Support for nvfortran has been always rather fragile. It seems that recent additions in the build system are not compatible with this compiler anymore.

nielskm commented 1 year ago

I have struggled with the same issues and managed to work around the meson problems. But the source code doesn't even compile with nvfortran at the moment. It would be very nice to get it fixed if anyone has time to look at it. Unfortunately, I don't have the Fortran expertise to solve it myself.

nielskm commented 1 year ago

@awvwgk Would it be a problem to set up automatic testing of the GPU build?

chburger commented 1 year ago

could you tell how you solved the meson problem?

nielskm commented 1 year ago

Unfortunately I don't recall. I followed some suggestions that I found in other issues related to the GPU build, but I don't have the exact settings that made it work for me.

awvwgk commented 1 year ago

Would it be a problem to set up automatic testing of the GPU build?

Without a GPU machine, yes.

nielskm commented 1 year ago

Would it be a problem to set up automatic testing of the GPU build?

Without a GPU machine, yes.

But you can check that it compiles?

awvwgk commented 1 year ago

Could probably be setup. Depends whether this is a priority for the new project lead, but contributions are of course always welcome.

nielskm commented 1 year ago

could you tell how you solved the meson problem?

@chburger, I believe that I fixed the meson problems (with a clean xtb v6.5.1) using the args: -Dopenmp=false -Dla_backend=openblas -Dgpu=true -Dcusolver=true -Dgpu_arch=75 -Dc_std=none -Dfortran_args=-fopenacc -Ddefault_library=static

pultar commented 1 year ago

I have the same problem as @chburger describes.

could you tell how you solved the meson problem?

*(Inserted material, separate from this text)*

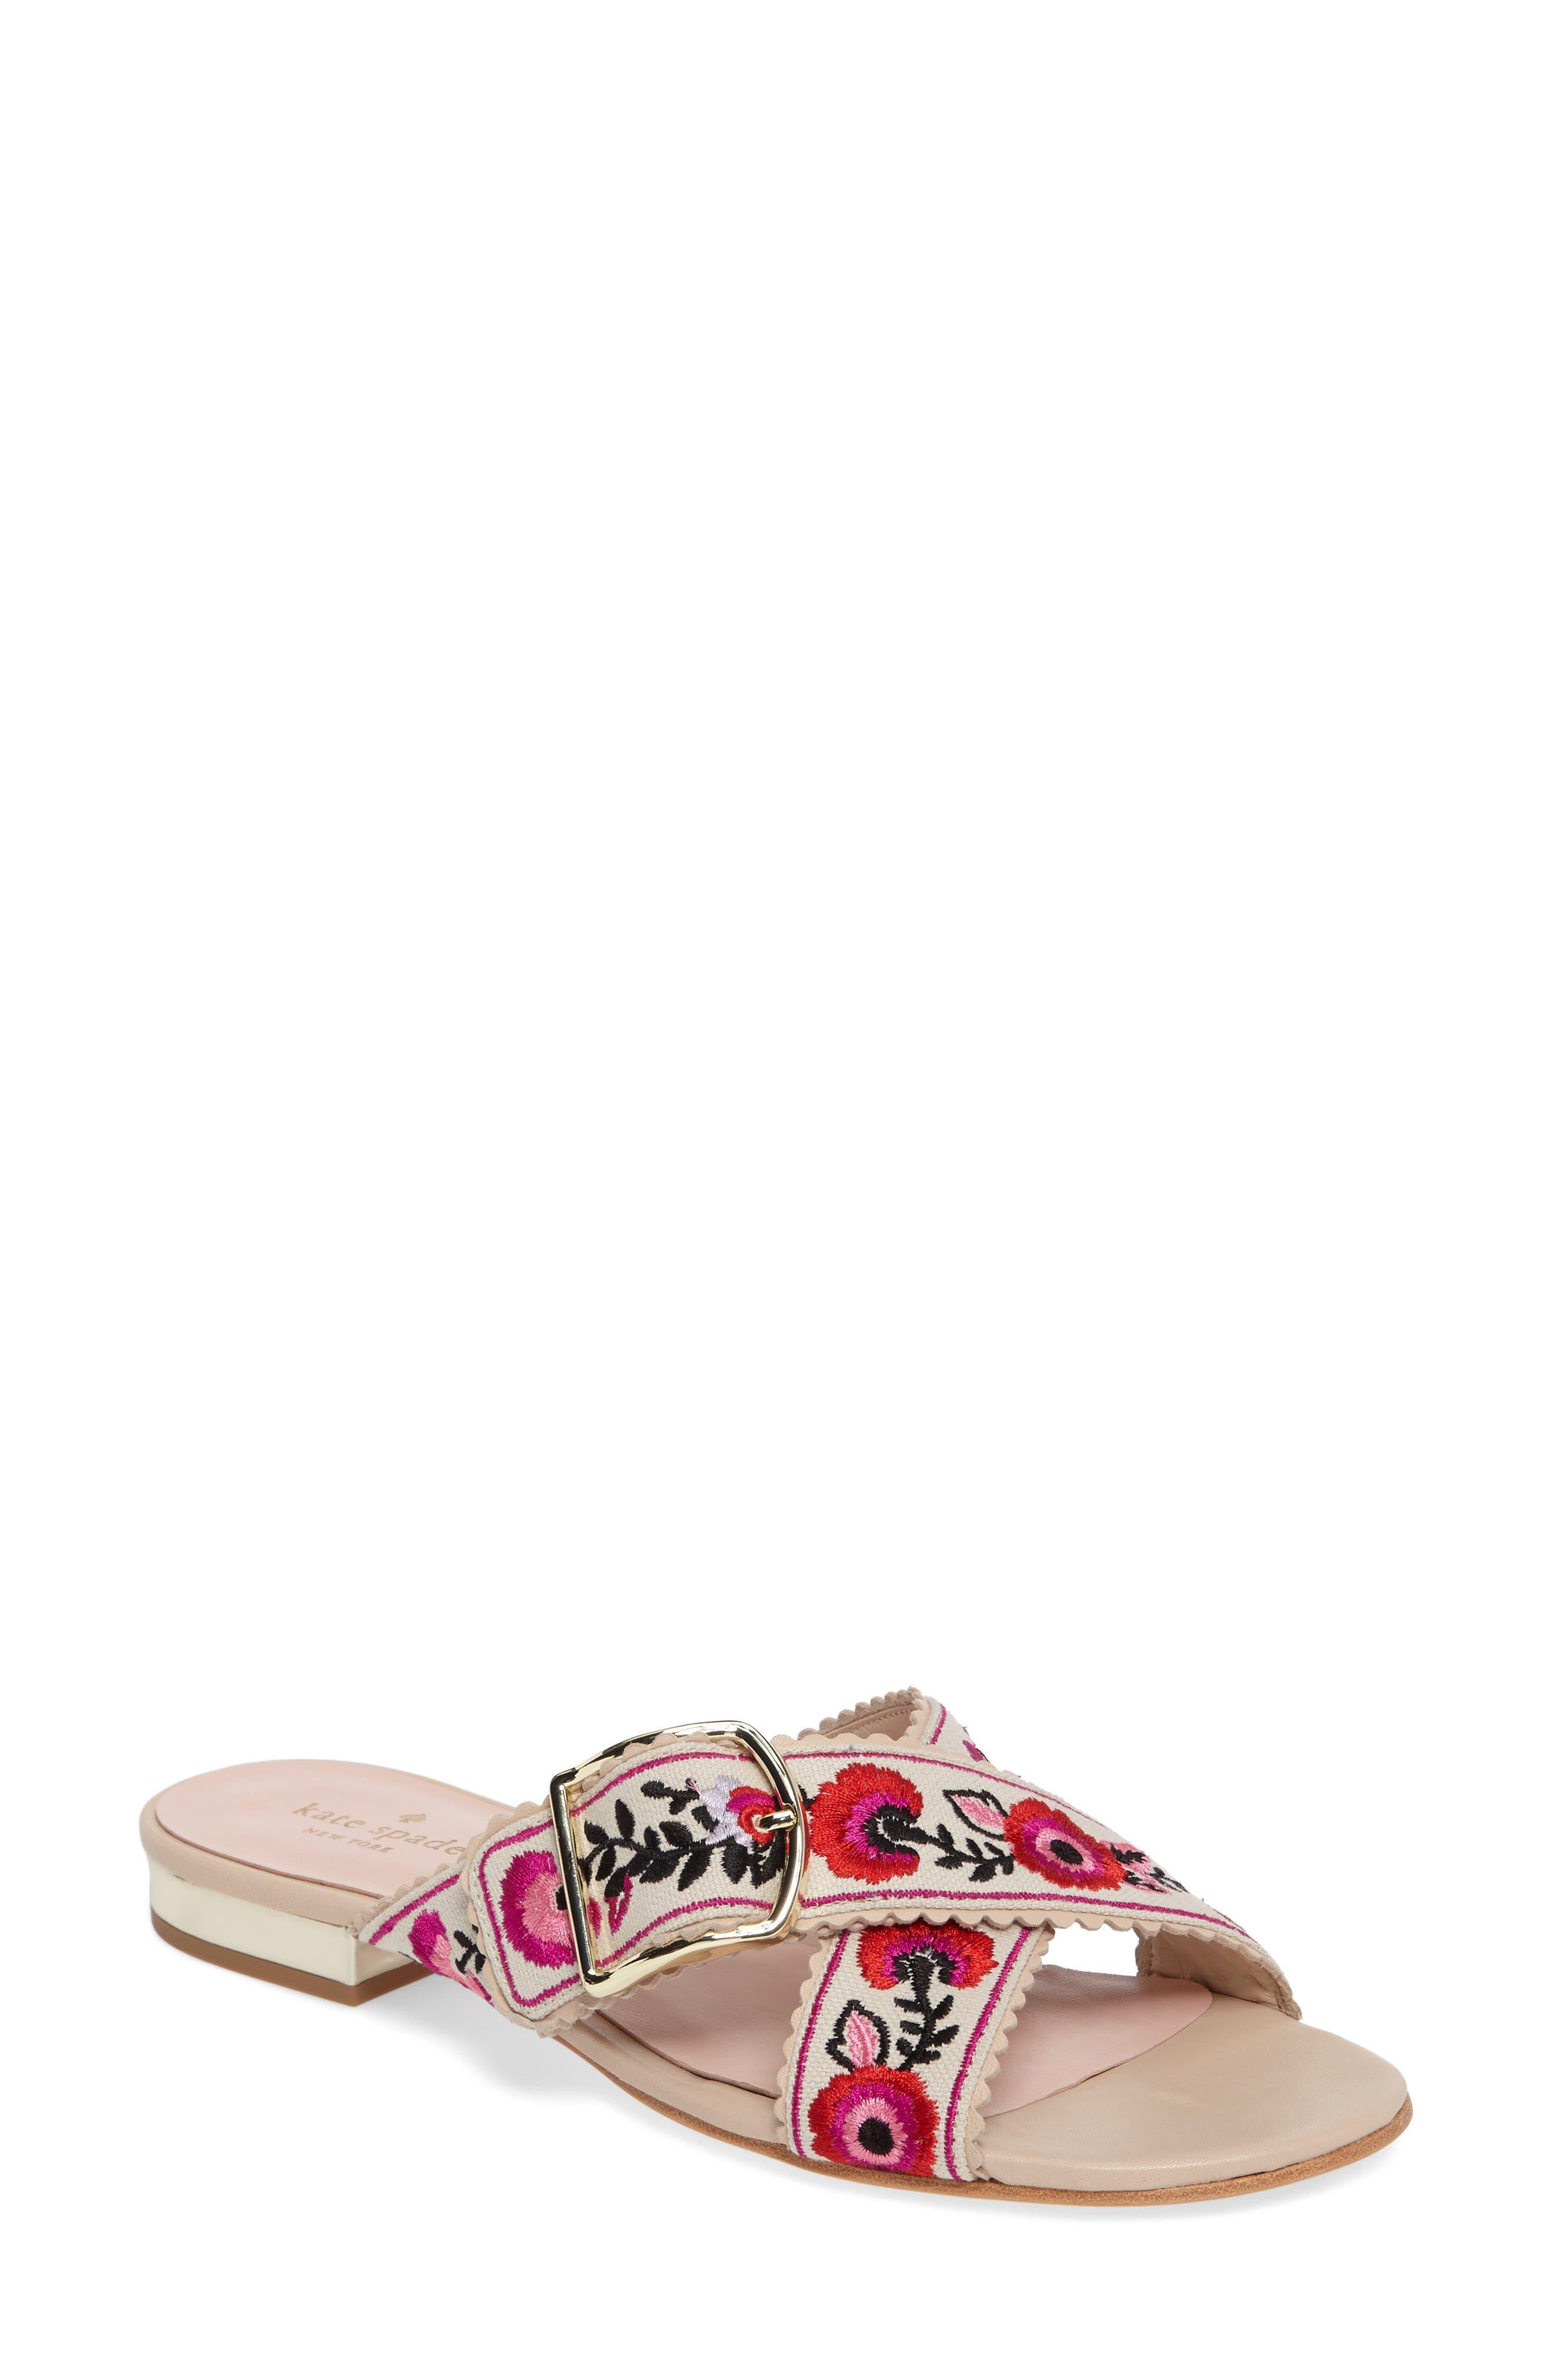 KATE SPADE NEW YORK faris sandal

@chburger, I believe that I fixed the meson problems (with a clean xtb v6.5.1) using the args: -Dopenmp=false -Dla_backend=openblas -Dgpu=true -Dcusolver=true -Dgpu_arch=75 -Dc_std=none -Dfortran_args=-fopenacc -Ddefault_library=static

On my system (Ubuntu, nvfortran 22.11-0 64-bit target on x86-64 Linux -tp haswell), that command fails as well:

meson setup build_gpu -Dopenmp=false -Dla_backend=openblas -Dgpu=true -Dcusolver=true -Dgpu_arch=75 -Dc_std=none -Dfortran_args=-fopenacc -Ddefault_library=static

Gives me:

nvfortran-Error-Unknown switch: -fopenacc

meson.build:19:0: ERROR: Compiler nvfortran can not compile programs.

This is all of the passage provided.